The error is repeatable, for the specific query so it is almost certainly data related, I am just unsure how I would go about identifying the offending item.
Any thoughts on how to determine the issue, or better yet, how to overcome it?
cheers
CCSID is an AS400/iSeries/Power System attribute, and it applies to the whole IFS.It's like a declaration of what inside the file is, or in other words what its internal encoding "should be".
It's supposed that data content encoding in the file and the file one (the envelope) match, and the box uses this attribute to show and handle corresponding characters.
It sounds like you receive data under one encoding, but CCSID file doesn't match.
Try changing CCSID on your file (only the envelope). E.G.: 37 (american), 500 (latin-1), 819 (utf-8), 850 (dos), 1252 (win) and display file after.You can check first using ls -Sla yourfile in QSH or QP2TERM, or EDTF as well. CHGATTR allows you to change CCSID, as well as setccsid in QSH (again).
This way helped me to find related issues. Remember that although data may be visible in the four hundred, they may not be visible through a share folder in Win. It means that CCSID file, an content encoding don't match.
Hope it helps.
Hi I've seen this error with XML data uploaded to AS400/iSeries/IBM i with FTP and the CCSID 819 (ISO 8859-1 ASCII) and it has some binary garbage in first few positions of file. Changed encoding to CCSID 1208 (UTF-8 with IBM PUA) using FTP "quote type c 1208" and the problem cleared and XML-INTO was successful.
So, suggestion about XML parser error 302 received when using XML-INTO is to look at the file (wrklnk ...) and if first character is not "<" but instead some binary garbage then try CCSID 1208 for utf-8.

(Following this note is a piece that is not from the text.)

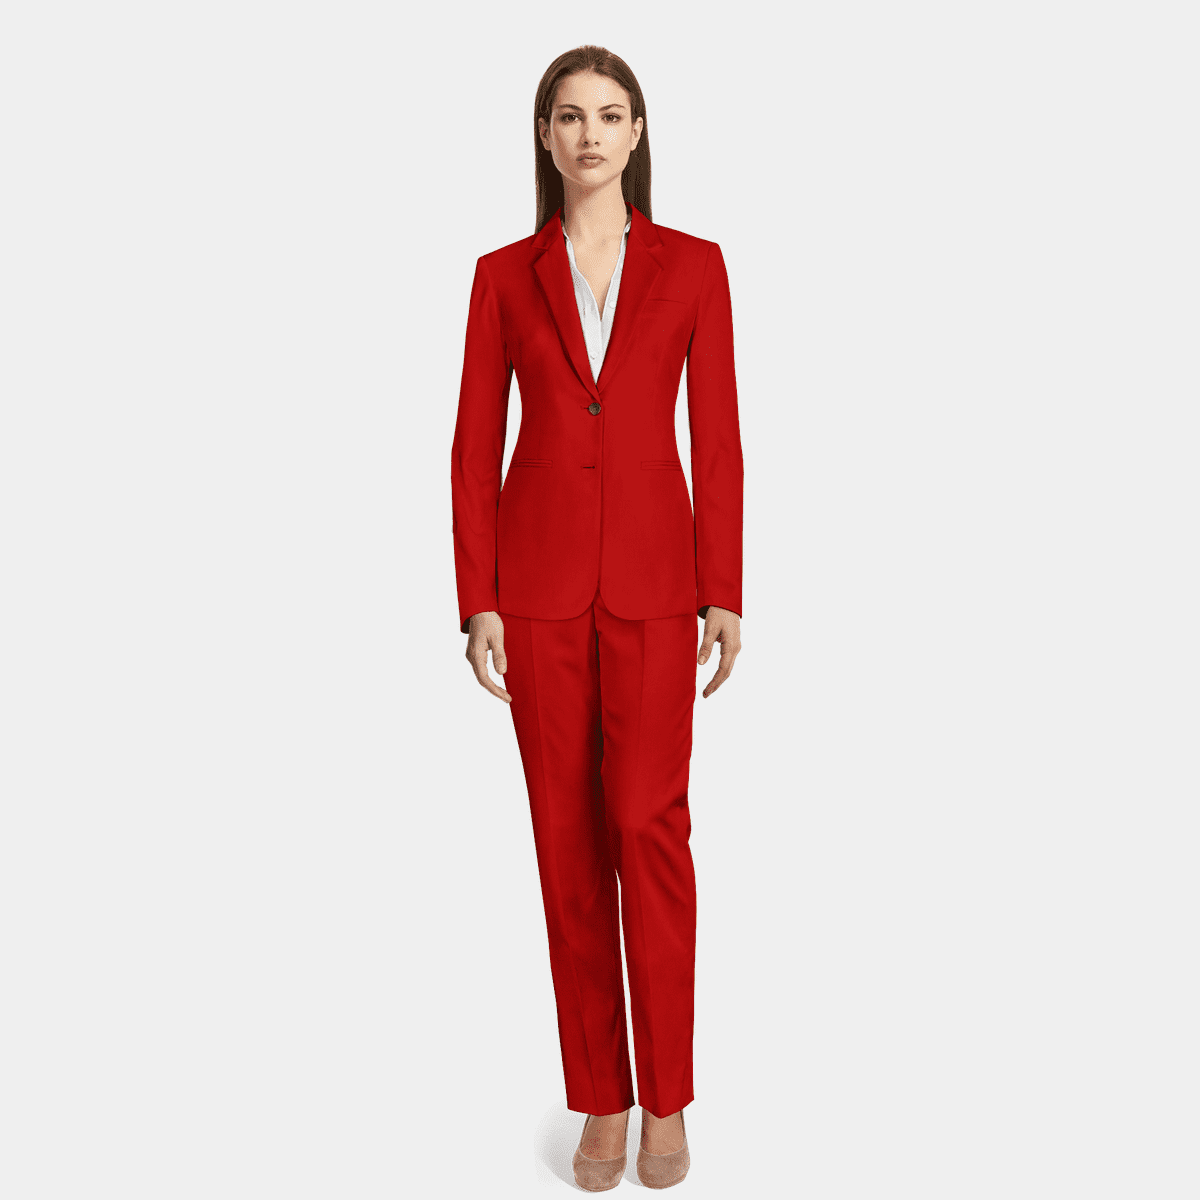 Women Red Luxury Premium Cotton 2 Piece Suit for Office and Prom./women's  Suit Set/women's Suit Set/womens Suit/wedding Suit/business Suit. -   Canada

Statements in this answer about what 819 is and what ccsid represents utf-8 do not agree with previous answer but are correct, according to IBM documentation:
https://www-01.ibm.com/software/globalization/ccsid/ccsid819.html
https://www-01.ibm.com/software/globalization/ccsid/ccsid1208.html
I'm working on this problem a couple hours,
for me the solution was use option ccsid=UCS2 when you use data structure or variable to store xml.
something like that :
XML-INTO customer %XML( xmlSource : 'ccsid=UCS2');
I have the program running on ccsid = 870, every conversion to ccsid on the xmlSource field don't work,
The strange thing that when I use the file with ccsid = 850, every thing work fine
I mention that becouse this is the first page when you looking about this problem.
Maybe this help someone.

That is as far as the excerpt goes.